Fifth, she accepts the fact that sometimes “others can, I cannot.” It is an exercise in futility to compare her capabilities with those of others, since each woman is “fearfully and wonderfully made” (Ps 139:14).

Finally, the worthy woman has a clear perspective regarding her body cycling. She wisely accommodates to its ebb and flow. The circumspect physical conditioning of the worthy woman allows her to be involved in the lives of others. She will balance the care of her home with the care of her body to avoid becoming a worried, frazzled, and defensive woman who sacrifices herself on the altar of domesticity or physical fitness.

Being Economical

She perceives that her merchandise is profitable.
–PROV 31:18A

Budget and diet are two words that conjure up visions of economic and nutritional deprivation. Each word, however, possesses both a positive and a negative connotation. A budget can be established for either a high or low income. A diet can constitute an unlimited or restrictive daily caloric intake. The principle of being economical challenges the worthy woman to refrain from wasting time, money, fuel, or any other resource. Implementation of this principle ensures that she operates her home on a budget (a plan for spending) and that it balances each month (not too much month at the end of money).

The worthy woman of Proverbs 31 perceives that money involves stewardship. As an accomplished seamstress and nutritionist, she recognizes quality. With a practiced.eye, she seeks out bargains that reflect excellence. Concurrently, her knowledge and skill allow her to make appropriate decisions regarding whether to make the purchase, pay for the service, or personally perform the task.

Being Unselfish

She puts her hands to the distaff,
and her hands hold the spindle.
She opens her hand to the poor
and reaches out her hands to the needy.
-PROV 31:19-20

Selfishness is a trait that the worthy woman seeks to eliminate from the list of her character qualities. By definition it means having such regard for one’s own interests and advantage that the happiness and welfare of others become of less concern than is appropriate. Selfishness stems from pride and is first in the list of sins most detested by God (Prov 6:16-19). Taken to extremes, it can be deadly.

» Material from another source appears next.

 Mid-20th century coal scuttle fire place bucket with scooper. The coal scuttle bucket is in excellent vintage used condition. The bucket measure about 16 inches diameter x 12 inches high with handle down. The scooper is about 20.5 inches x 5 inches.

The body of an ancient woman mummified by the volcanic ashes of Mount Vesuvius was unearthed when the Roman City of Pompeii was excavated. Her feet pointed toward the city gate, but her outreached arms and fingers were straining for something that lay behind her. The treasure for which she was grasping was a bag of pearls. Of her it was written, “Though death was hard at her heels, and life was beckoning to her beyond the city gates, she could not shake off their spell, but it was not the eruption of Vesuvius that made her love pearls more than life. It only froze her in this attitude of greed.” Her position told a tragic story of selfishness.

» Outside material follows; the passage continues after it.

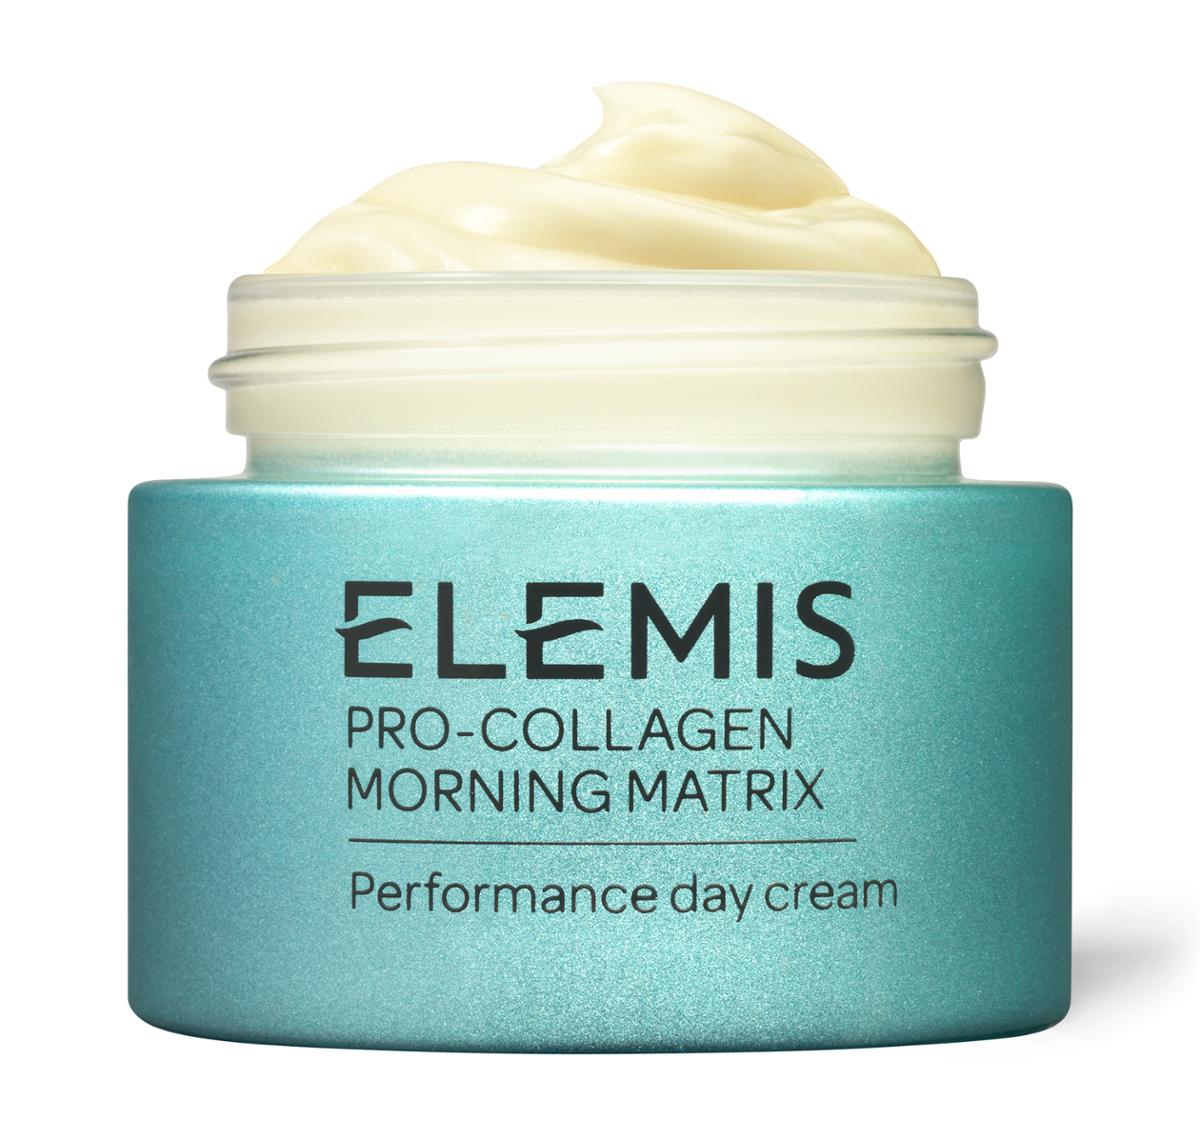 The silicone-free anti-ageing daytime moisturiser has been formulated to protect against the effects of blue light and ageing / Elemis

Anything can fuel the flames of excessive desire and greed. If not checked, they can destroy women (Prov 1:19). The wealthy landowners in Isaiah’s day acquired more and more houses and fields until they had a monopoly (Isa 5:8). But God said that they would become desolate and their lands would not produce (vv. 9-10). Wise is the woman who lives by the principle that if she is not satisfied with what she has, she will never be satisfied with what she wants.

Several characteristics describe the worthy woman’s attitude toward money and material possessions. All resources are a gift from the Lord to be utilized with discretion (Deut 8:18; Acts 4:32-37; 1 Tim 6:17-19). God does not love the poor and hate the rich. The Bible reports a number of godly individuals who were exceedingly wealthy; Job, Abraham, Joseph, David, Solomon, Josiah, Barnabas, Philemon, and Lydia, to name a few. God does, however, hate false gain (Prov 1:19), wrong motives for acquiring wealth (Prov 13:11), and a lack of compassionate generosity among the wealthy (Prov 14:20-21; 16:19). The wise woman applies the truth of Proverbs 19:17, “Whoever is generous to the poor lends to the LORD, and he will repay him for his deed.”

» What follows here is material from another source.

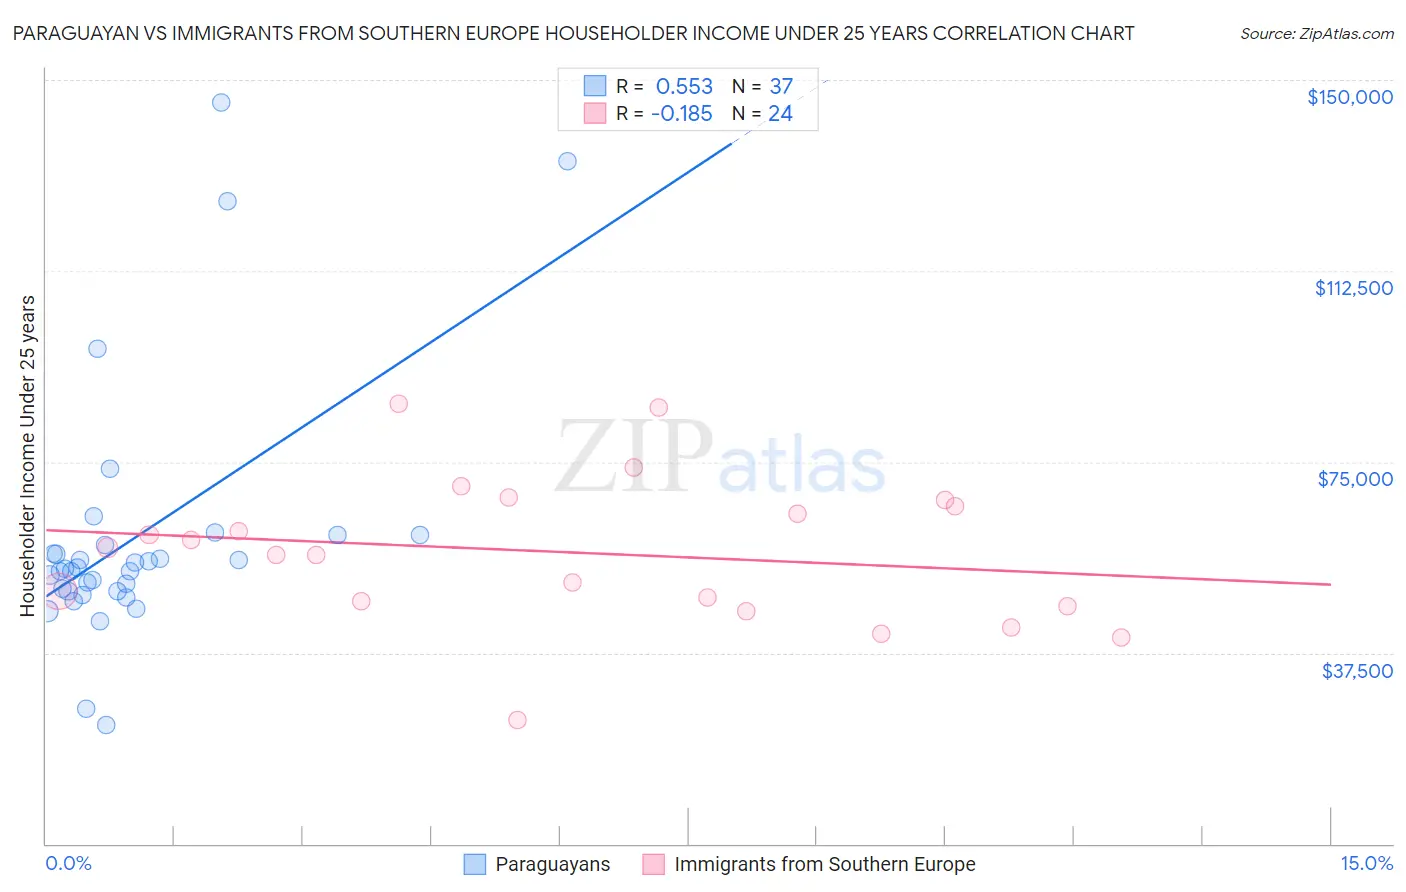 Paraguayan vs Immigrants from Southern Europe Householder Income Under 25 years

The worthy woman possesses an attitude of contentment that corresponds with the New Testament teaching found in 1 Timothy 6:6-8, which essentially states that Godliness + Contentment = Great Gain! Evidence that wealth is not the source of her contentment is found in her attitude of humility patterned after her Lord (Phil 2:8; 1 Pet 5:5). She does not trust in her wealth for security (Ps 20:7; Prov 11:28) and is a gracious (Prov 11:16), generous woman (Prov
31:19-20).

The worthy woman exhibits an absence of selfish attributes. She is not too busy with her own affairs to take time to assist others. The spindle and distaff; two flat, circular objects used to work textile fibers, were tools of the day. The worthy woman used them to provide for her family, herself, and the less fortunate. That “she opens her hand to the poor and reaches out her hands to the needy” indicates her response to calls for help (Prov 31:20). Her actions demonstrate both responsiveness and initiative; she gives when she is asked and is sensitive to offer assistance when she is not asked. Embracing a spiritual attitude toward helping, the worthy woman is like Dorcas, who was “full of good works and acts of charity” (Acts 9:36).

Unselfishness is most graphically demonstrated in the worthy woman’s willingness to share her time with others. Time is our most precious commodity, and the highest compliment that can be paid to others is the time we share with them. This woman is not a respecter of persons Gas 2:1-13) but rather is willing to place before the Lord the requests of all who desire to benefit from her wisdom.

Being Prepared

She is not afraid of snow for her household,
for all her household are clothed in scarlet.
She makes bed coverings for herself;
her clothing is fine linen and purple. . .
She looks well to the ways of her household
and does not eat the bread of idleness.
-PROV 31:21-22, 27

Putting events, objects, or people in order, as well as making suitable and receptive, are phrases that describe the principle of preparedness in action. The worthy woman demonstrates planning and foresight that equip her for unforeseen circumstances. She acquires adequate provisions for unknown needs rather than living from crisis to crisis. Concurrent with physical provisions, this worthy woman knows the value of being spiritually prepared. Similar to saving a percentage of each paycheck, she builds a spiritual reserve for challenging times. The prophet Jeremiah refers to the woman who trusts in the Lord as being prepared in that she will be “like a tree planted by water, that sends out its roots by the stream, and does not fear when heat comes, for its leaves remain green, and is not anxious in the year of drought, for it does not cease to bear fruit”
(Jer 17:7-8). The heat will come, and the drought is certain; however, there is no fear when one is prepared.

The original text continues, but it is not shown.